The ministry began as a partnership with a fellow Southern Baptist church, First Baptist Church Arnold in the St. Louis area, which had already been hosting eyeglass clinics for several years. Like Gutierrez’s church, FBC Arnold is located in an area with a high refugee population. Four years ago, Gutierrez reached out to FBC Arnold’s staff to ask about expanding the ministry to the Denver area.
Since then, FBC Arnold has sent several volunteers, including an ophthalmologist, to Aurora for each clinic. Gutierrez and his team promote the clinics by putting up signs on the church lawn and encouraging partner organizations—an elementary school, an African-community coalition, apartment complexes and area churches—to spread the word in the community. Since launching the clinics, Gutierrez says it hasn’t been difficult to find willing partners, both Christian and secular.
“One of the things I’ve discovered is that, as we reach our community here in Aurora,” Gutierrez says, “there are other churches and government agencies and organizations that look for opportunities like this to meet a very real need in the communities they’re trying to reach.”

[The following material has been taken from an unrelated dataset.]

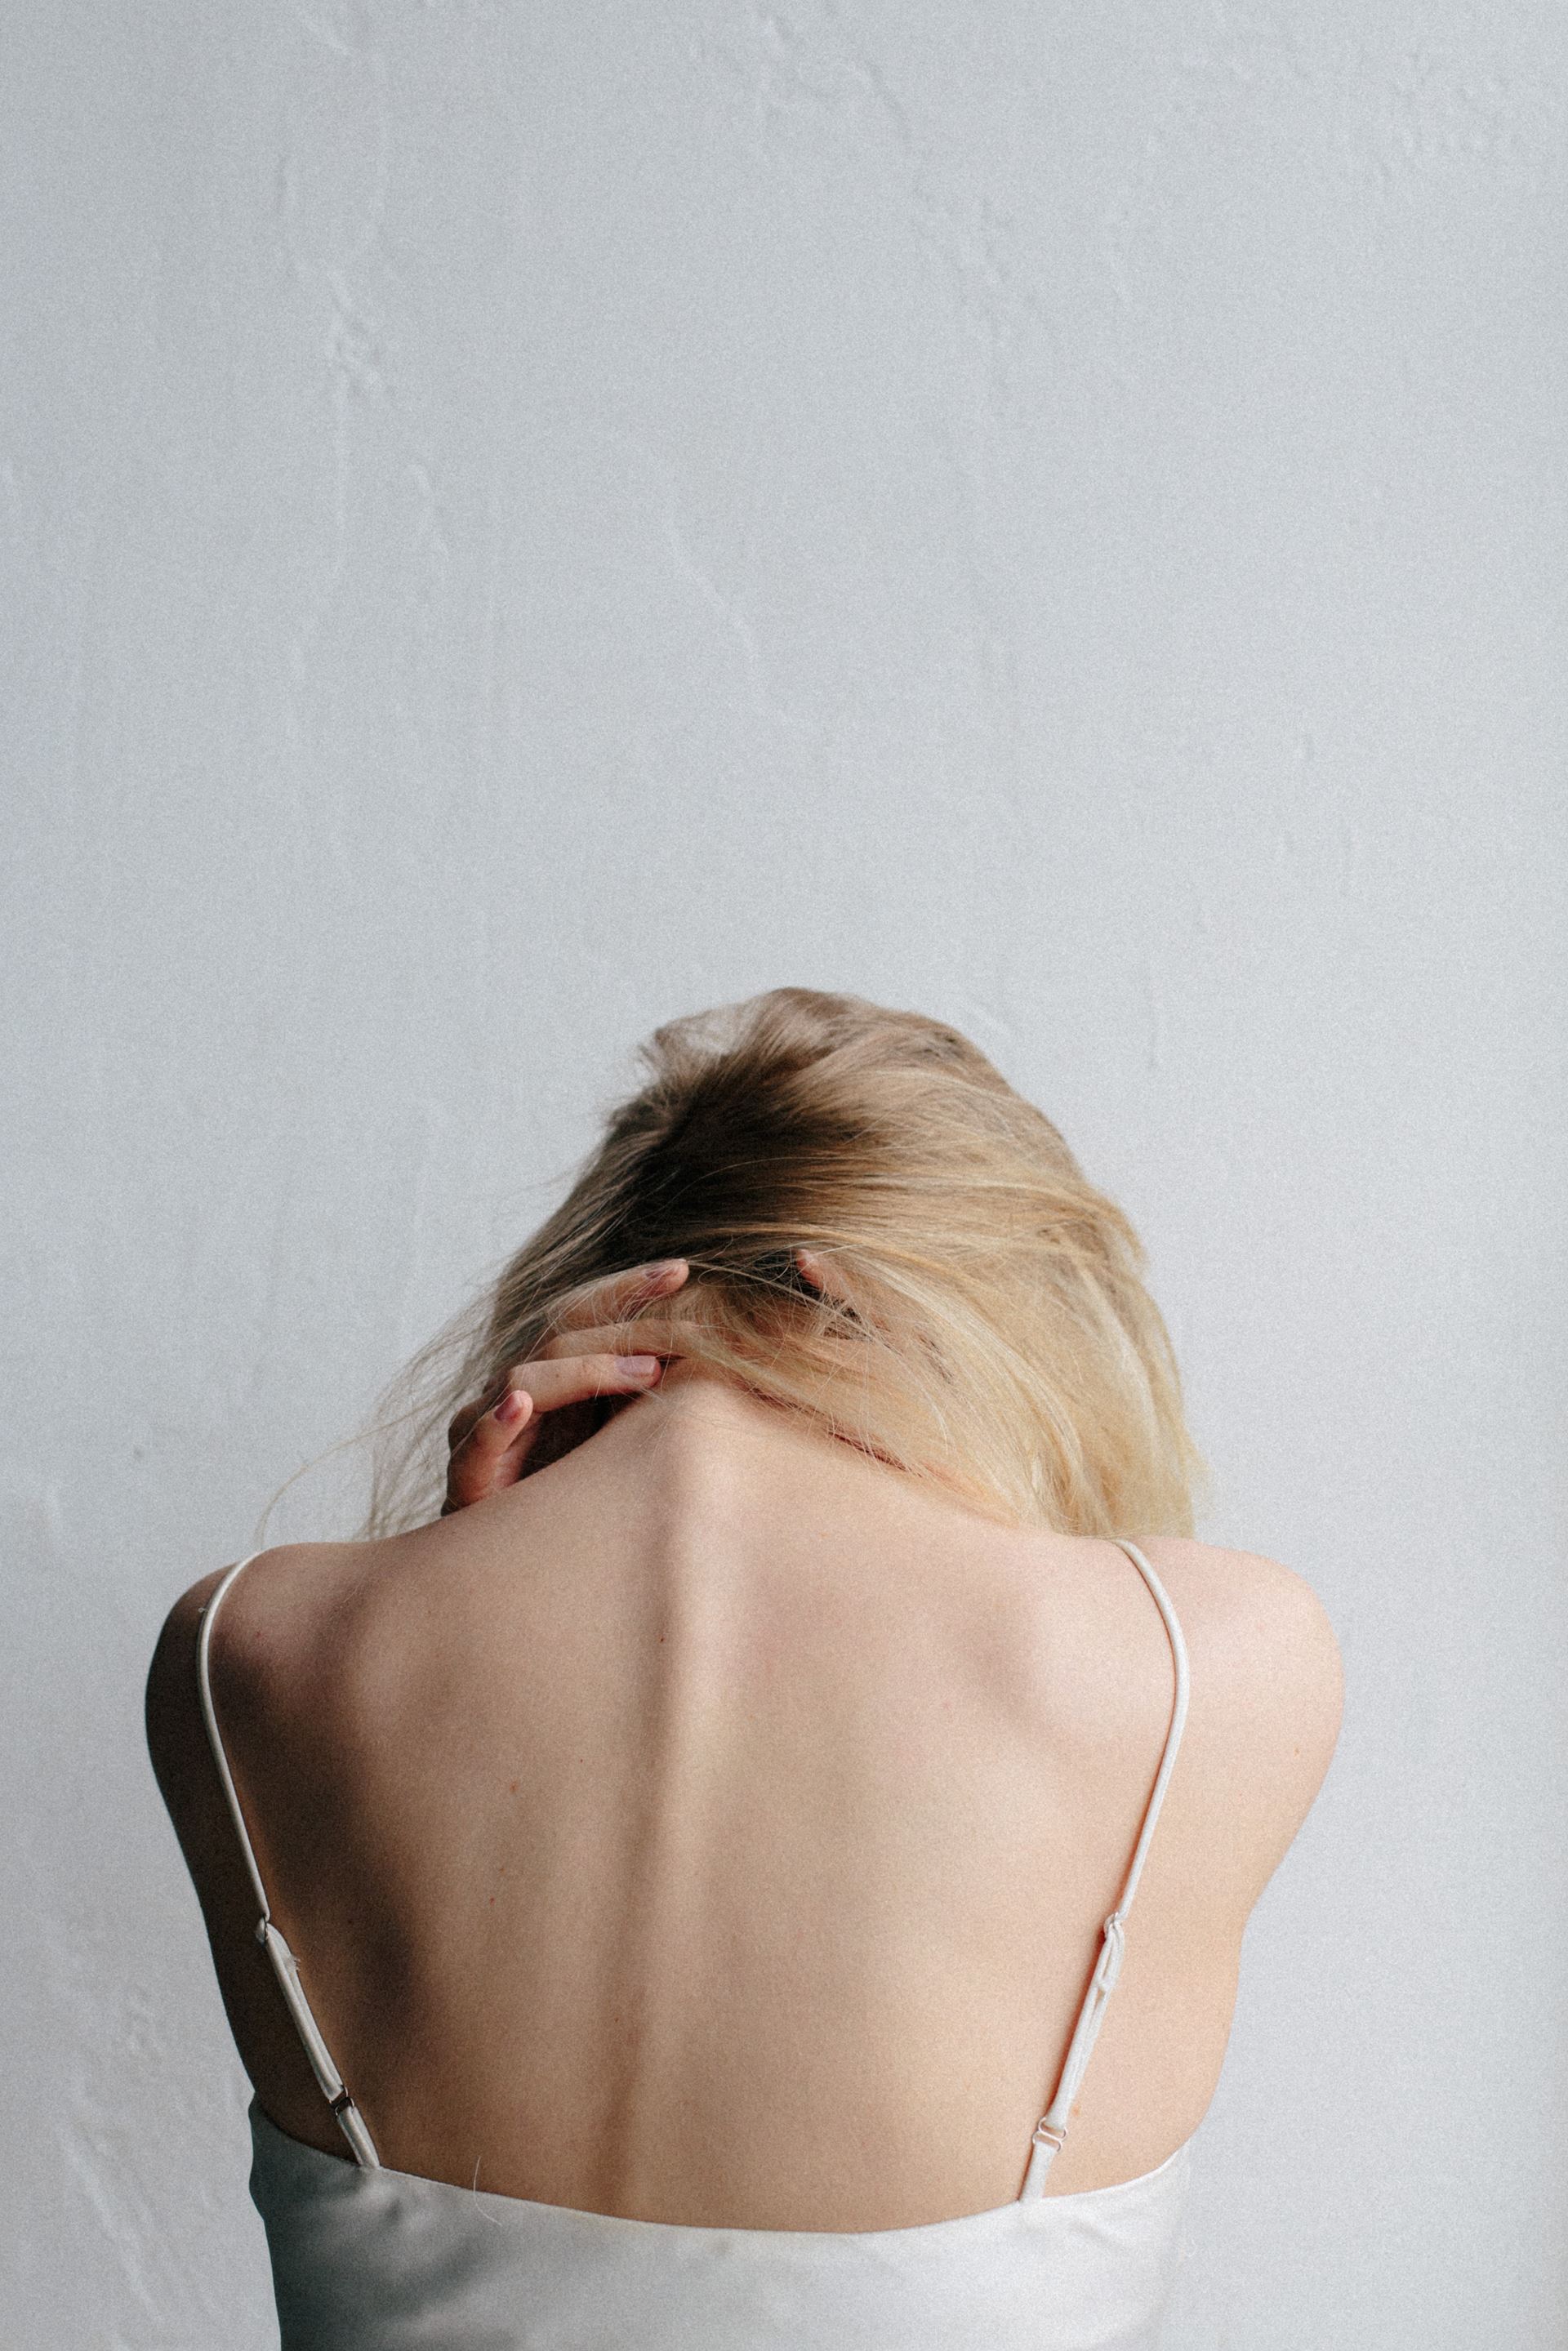 A woman with blonde hair rubbing the back of her neck in pain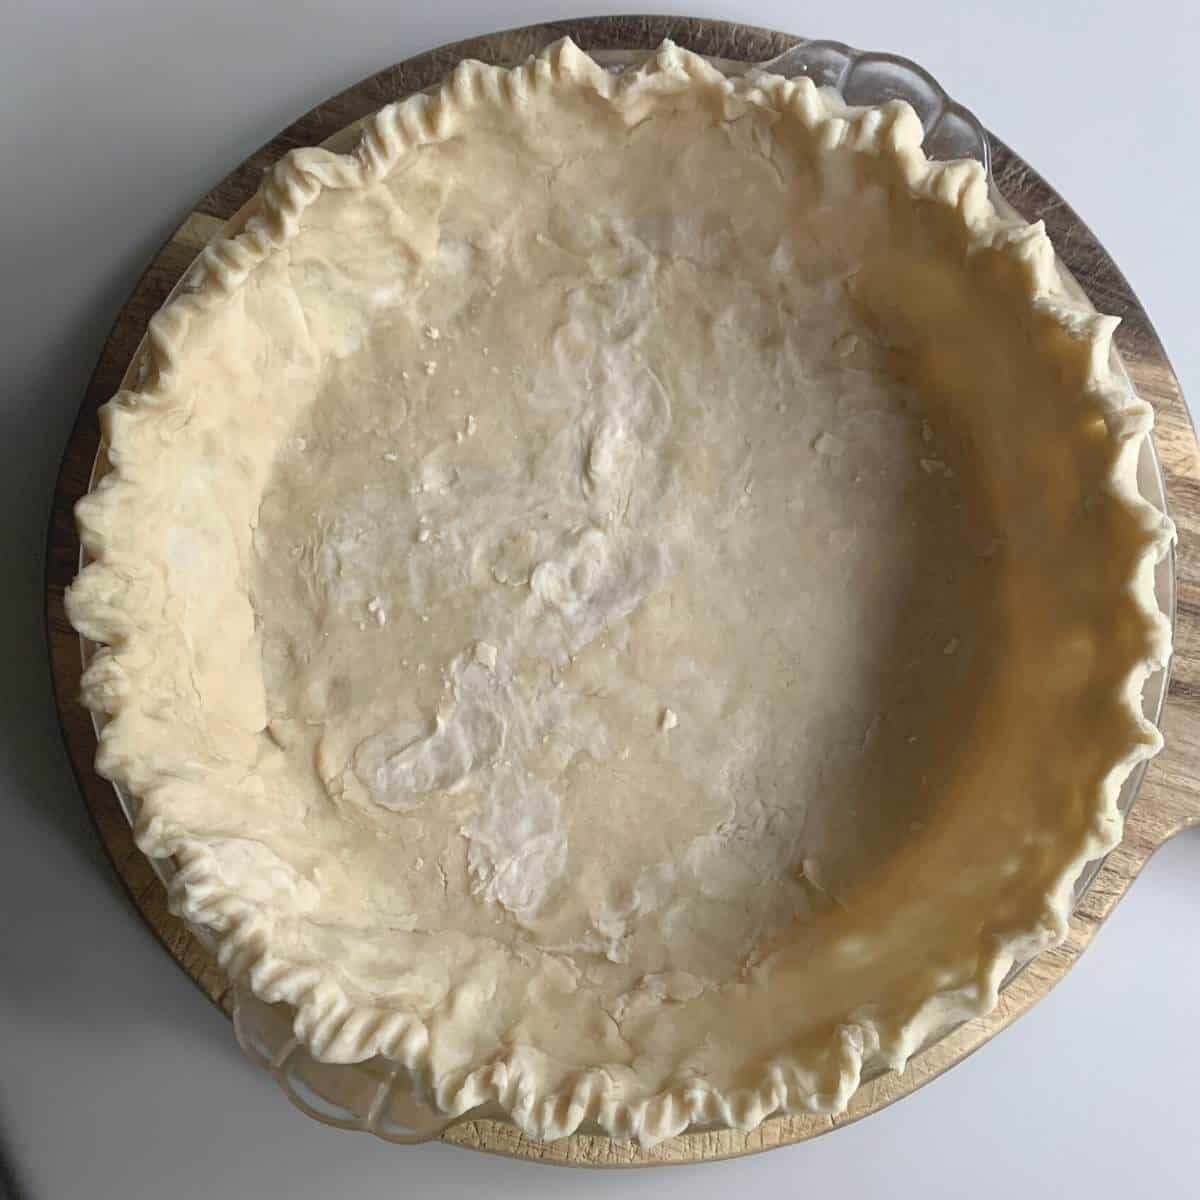 unbaked pie shell without filling

FBC Aurora has an ongoing drive for prescription and reading glasses, and the team from Missouri also brings several boxes of new glasses they receive from Oasis International, a refugee-services organization. Before each clinic, the glasses are organized into bags and labeled for easy distribution.
During the clinic, volunteers measure participants’ visual acuity with an E chart and then determine what type of glasses they need. Those who require prescription glasses go through a second screening, in which a machine examines their eyes and matches them to a pair of glasses in the clinic’s inventory.
“We like to have three or four options for them to pick from,” Gutierrez says. “At the end of the day, everyone goes home with a pair of eyeglasses that they need.”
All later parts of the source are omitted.